Citi Global Wealth Investments (CGWI) has issued its latest outlook report, and it is predicting there will be a mild recession in 2023, as unemployment rises above 5%.
The outlook report also predicts that 400,000 construction jobs will disappear in 2023, as the overall economy loses 2 million jobs across all sectors.
Steven Wieting, chief investment strategist and chief economist at CGWI said, “Housing that was started a year ago was at a higher sales pace and a dramatically lower mortgage rate. While they finish those houses, they’re still employed. Then when you are done with that house you don’t have a new job to go to — and that’s how the coming year we think we lose all of those jobs.”
David Bailin, chief investment officer and head of Citi Global Wealth Investments said, the report pegged next year’s unemployment hitting roughly 5.25%, noting the recession we see “won’t be that deep, but it will be meaningful.”
He went on, “We expect for next year, employment will fall by 2 million people. That’s how we define our recession. We think there will be one, and it will be defined by that loss of jobs.”

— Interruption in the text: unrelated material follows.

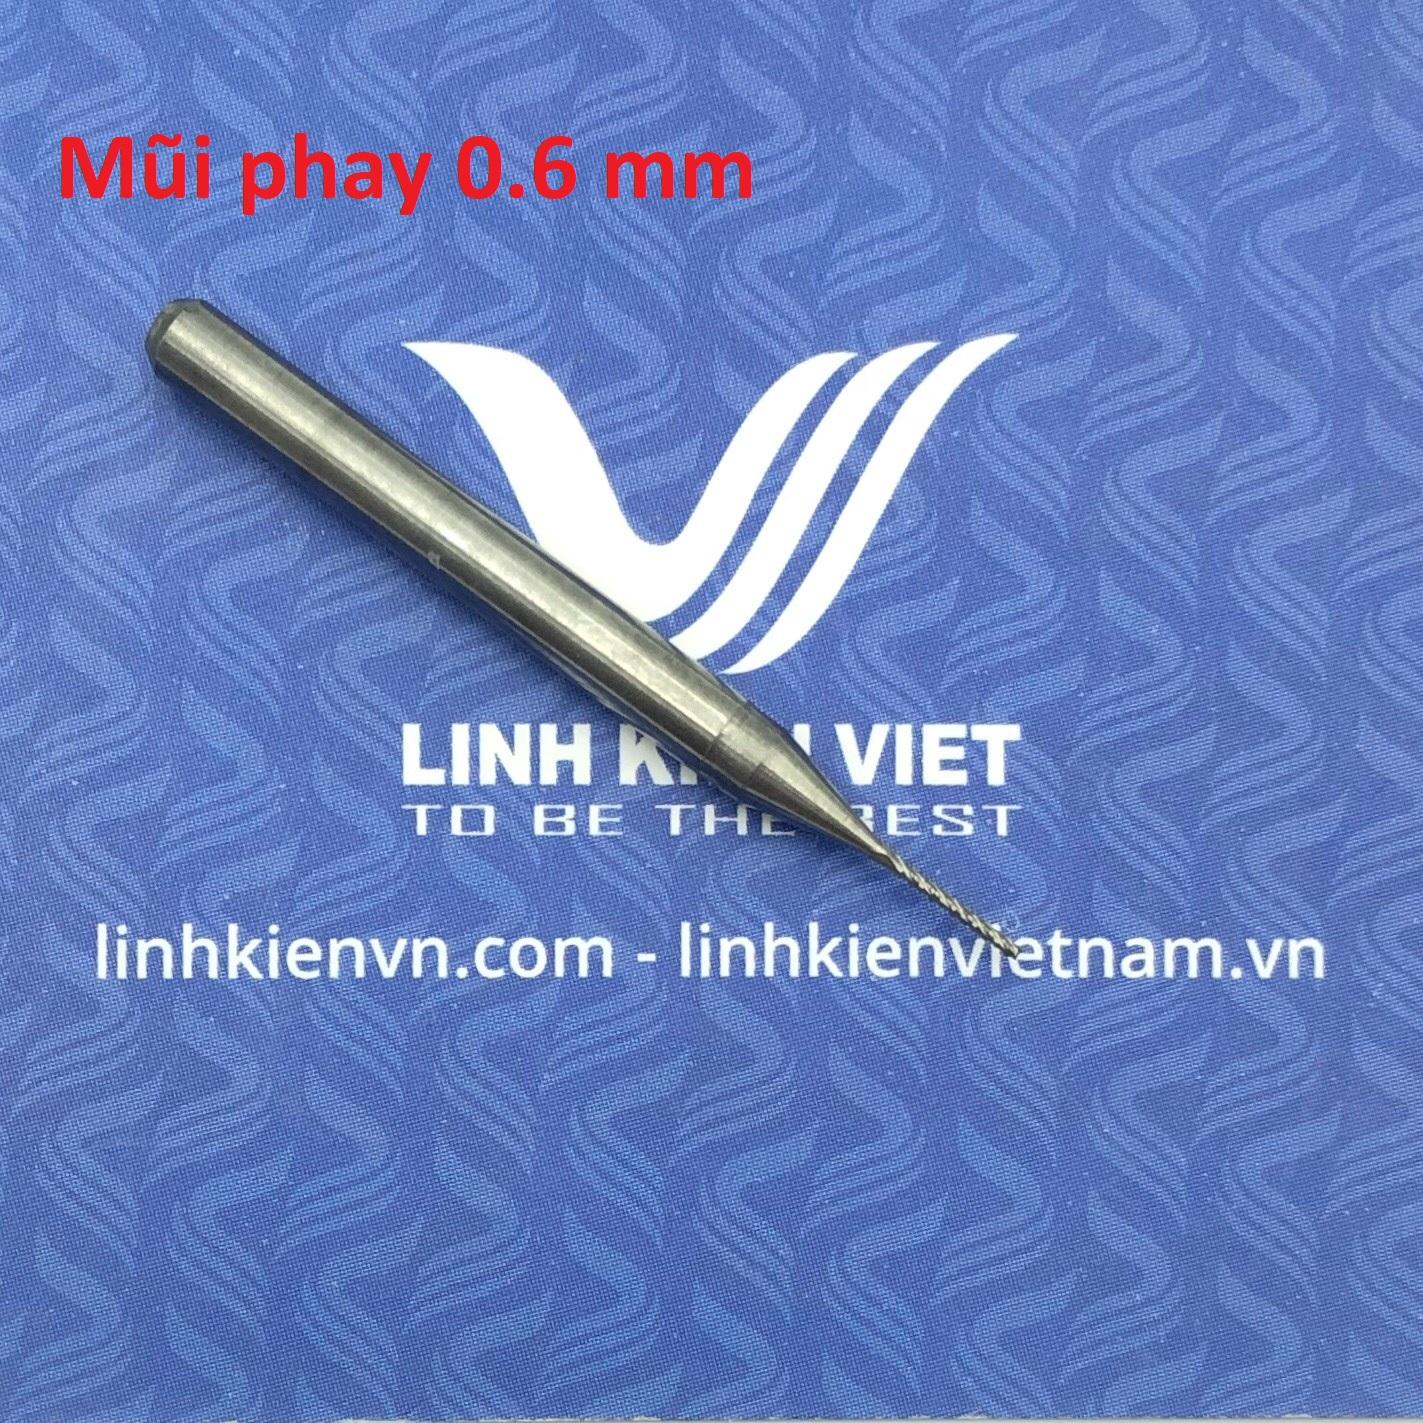 Mũi phay CNC 0.6mm - S2H22

That figure of lost jobs represents about one quarter of the total number of people who were unemployed in 2009.
Companies which serve the housing sector are already noticing the changes. High-end furniture maker RH’s CEO recently said to analysts, “It’s just a lot of uncertainty right now.”
He continued, “But one thing I’m certain of: The housing market is collapsing at a level I haven’t seen since 2008. I haven’t seen this kind of drop since 2008.”
In terms of opportunities, the CGWI report identifies a few for investor portfolios. Bailin and his team emphasize however, that for now, caution is the order of the day, and one should closely focus on high-quality defensive equities and bonds.
Bailin added, “Historically, no bull market has ever begun before a recession has ever started. So it’s highly unlikely that we’ve seen the lows [of the equity markets].”
He added, “From the time the recession begins, whenever that is, the bull market recovery typically begins halfway through it.”